The debate in Mexico in the late 16th century addressed the fate of the pueblos de indios or reducciones — settlements of indigenous people relocated by Spanish colonizers — in a landscape depopulated by disease.
“The archbishop of Mexico at the time strategized to consolidate the remaining indigenous populations into reducción. Some settled areas were to be repopulated with Spaniards. His was a highly compromised vision of a church led by bishops, organized into dioceses, dispossessing indigenous people.”
“[The bishops’] vision was the church of the dead,” she said, citing a phrase incorporated into the title of her book. “A vision of a sort of church without indigenous people.”
In contrast, she said, indigenous voices she encountered in the archives wanted to be very much present in determining the structure of the Catholic Church in each pueblo de indios.
“They said, ‘We’re going to be in charge; the church is under our care and our leadership.’”
The book describes Mexico’s indigenous people as enduring numerous injustices during this epidemic. Priests who initially tried to give medical help to cocoliztli victims grew disheartened and dropped their efforts after several months.

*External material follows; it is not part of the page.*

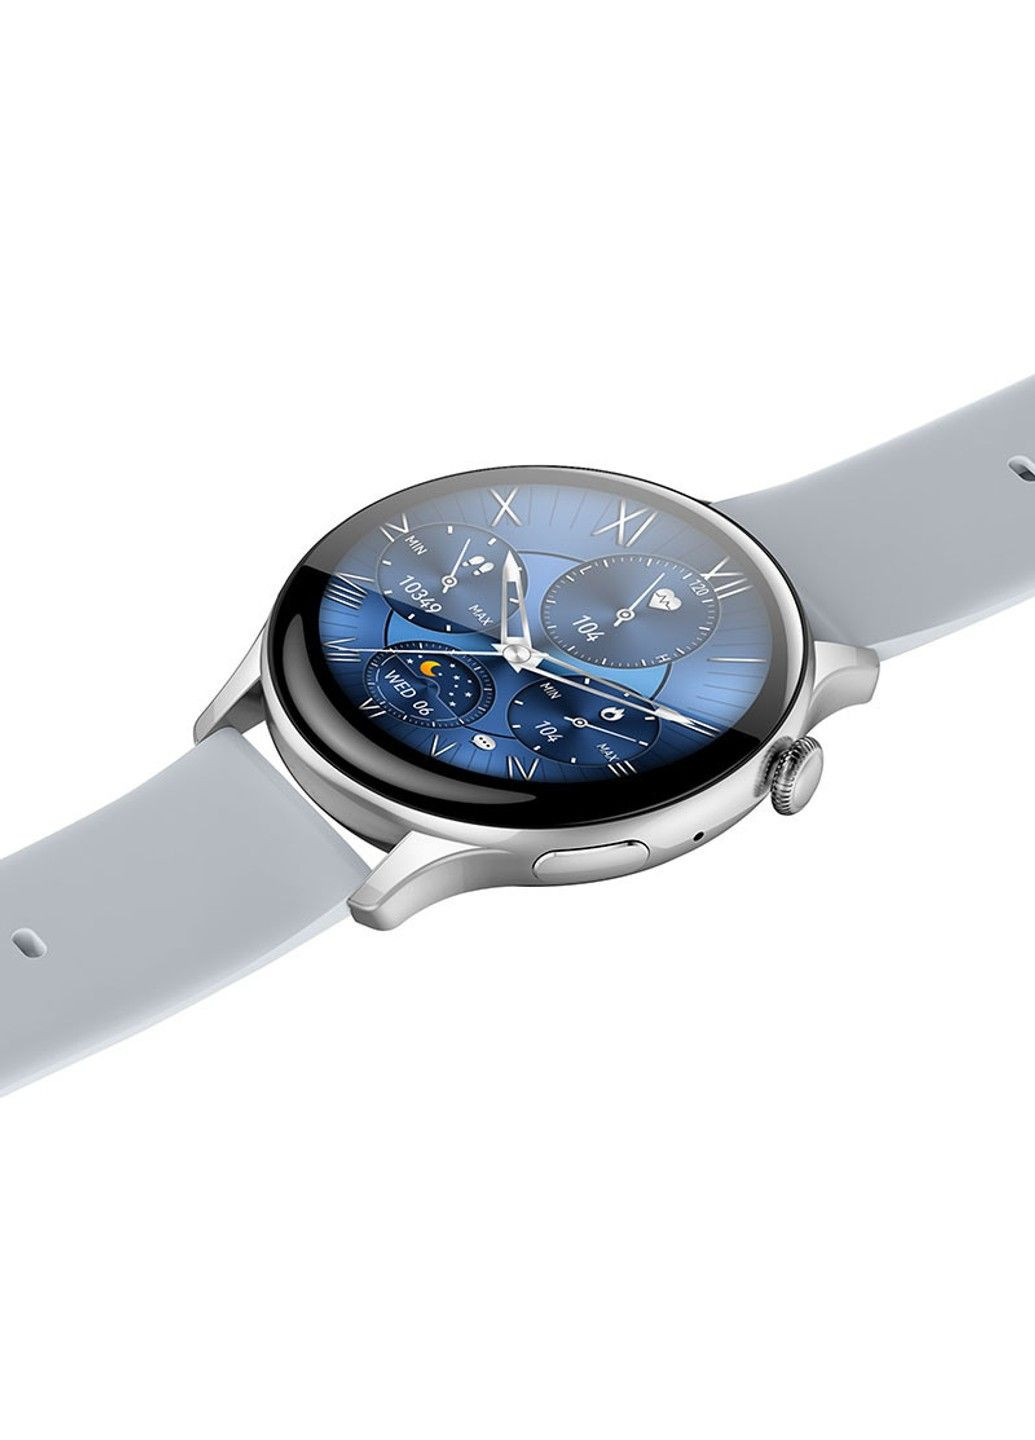 Смарт-часы Smart Watch Y10 Pro Amoled Smart Sports (call version) Hoco (291879833)
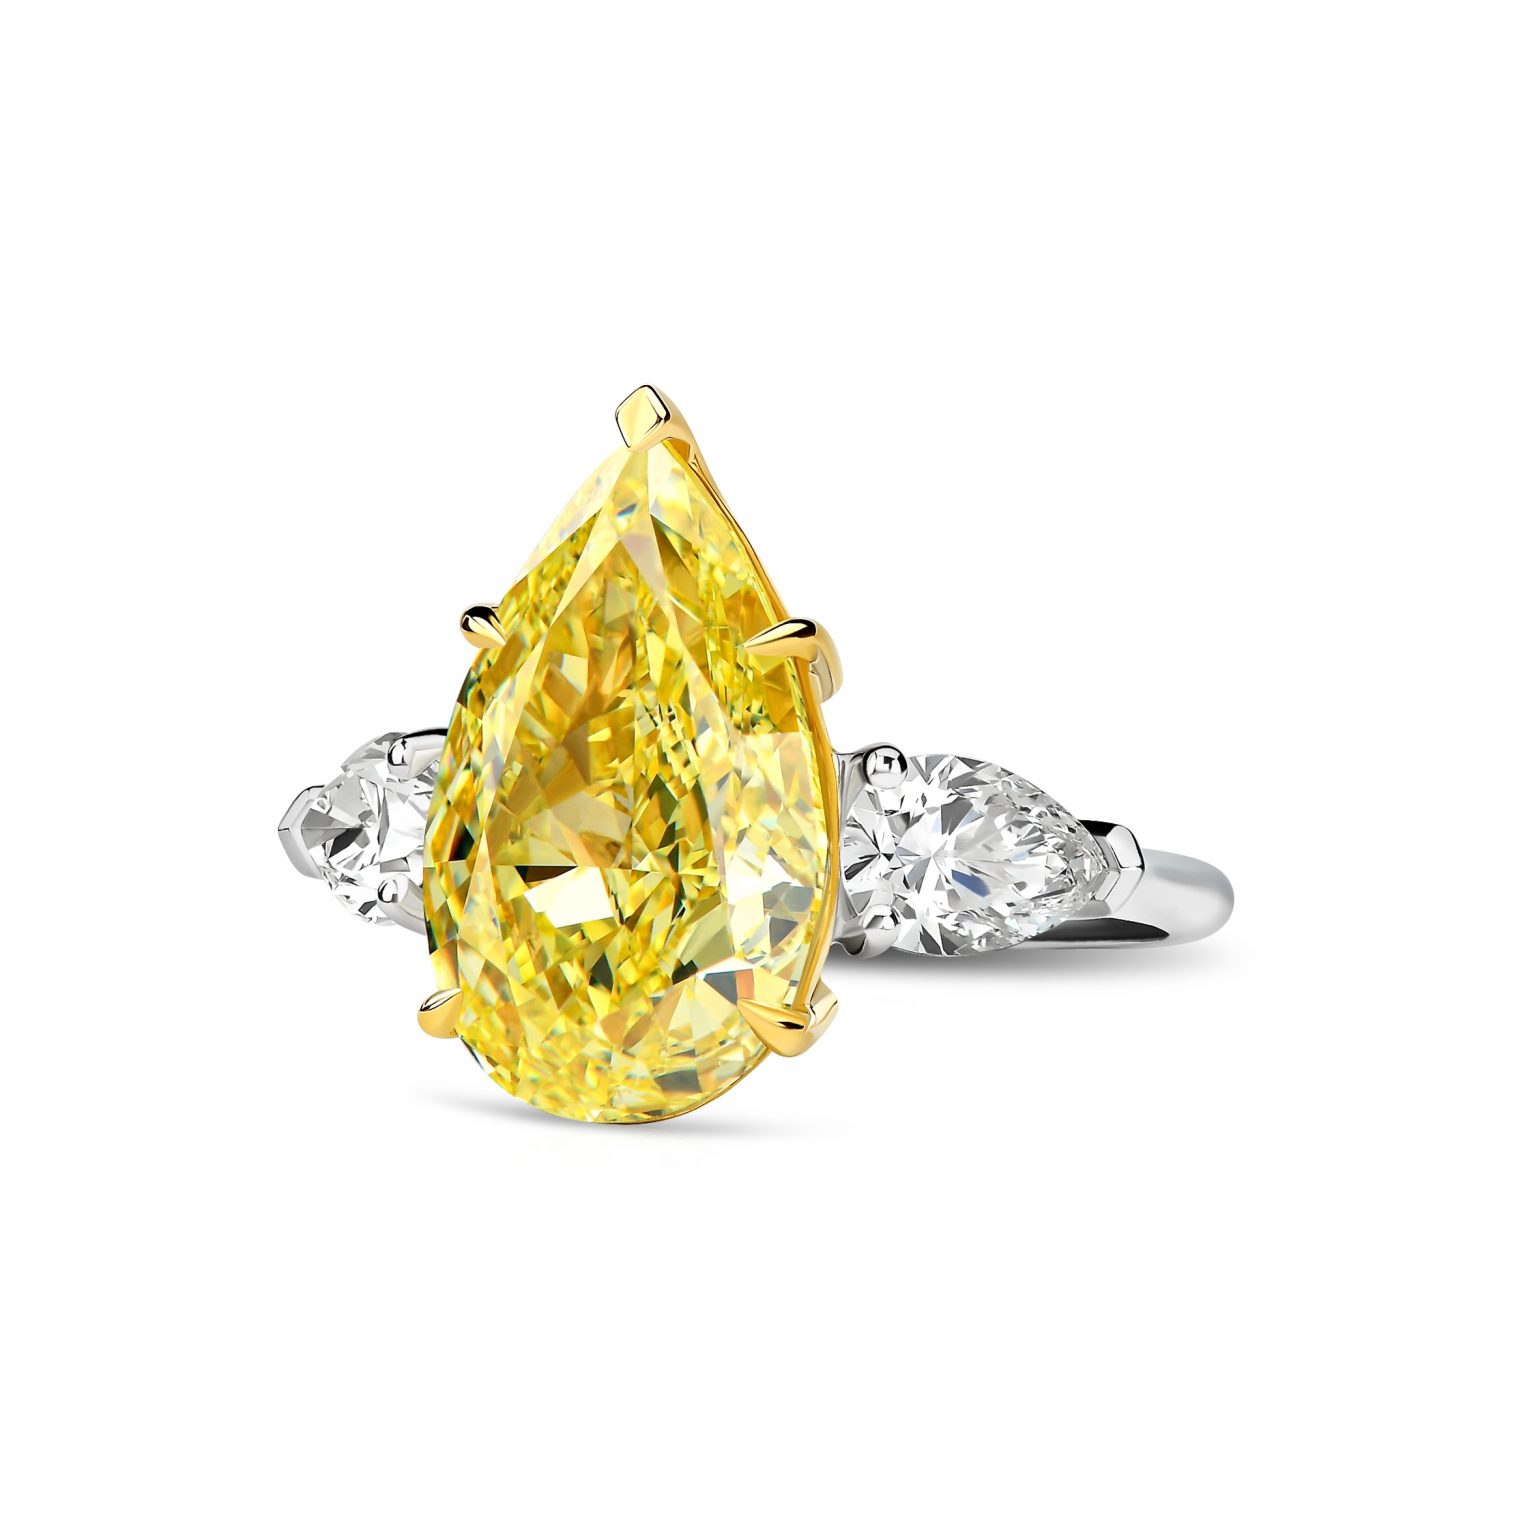 2.26 Carat Pear-Shaped Yellow Diamond Ring

“The Aubin Codex, an important Náhuatl source I draw on, uses words that suggest abandonment,” Hughes said. “There’s a sense that their community has been abandoned by the church, forgotten about by the pastors they understood were there to care for them. It is a painful record. The church’s efforts did not cease altogether, but there was a notable retreat or withdrawal, a cooling.”
Despite such disappointments, Hughes finds a great deal of indigenous interest in Catholicism itself that survived the epidemic — but it was not a Catholicism on the colonizers’ terms.
“In the historical sources, I see these pueblos as understanding themselves to be Christian and very profoundly Catholic,” she said. “But for them to be Catholic was not the same, necessarily, as submitting to Spanish authority and rule.”
Rather, Hughes said, indigenous people wanted to “develop the religion on their own terms, under the protection of their community elders and leaders, whose authority was often more important than that of a possibly difficult Spanish priest.”
Having previously researched how indigenous people incorporated Catholicism into their ritual and domestic practices, such as altars and images in their homes, Hughes was surprised to find that this also happened in their vision for the organization of the church.
“These communities often saw themselves as better Christians and Catholics than the friars themselves; they discerned or decided what was sacred and holy in the religion,” she said.
Sometimes this included rejecting “some dimensions of Christianity [that] they found not particularly holy … not particularly sacred.”
It’s a legacy that continues into the present.
“In the end, I see much of Mexican Catholicism today as the powerful patrimony of the pueblos de indios and their intense work to shape and maintain the Christian religion as they determined,” Hughes said.
Studying this long 1576 outbreak has made her wonder how long the current coronavirus pandemic will last.
“I often think about it now, being in COVID, especially given recent news about the [latest] variant, the sense that it’s a surging crisis,” she said. “Over five years [from 1576 to 1581], they also had these kinds of surges. There would come a moment of relative calm and then another devastating surge, something like we are experiencing in this pandemic.”
Rich Tenorio is a frequent contributor to Mexico News Daily.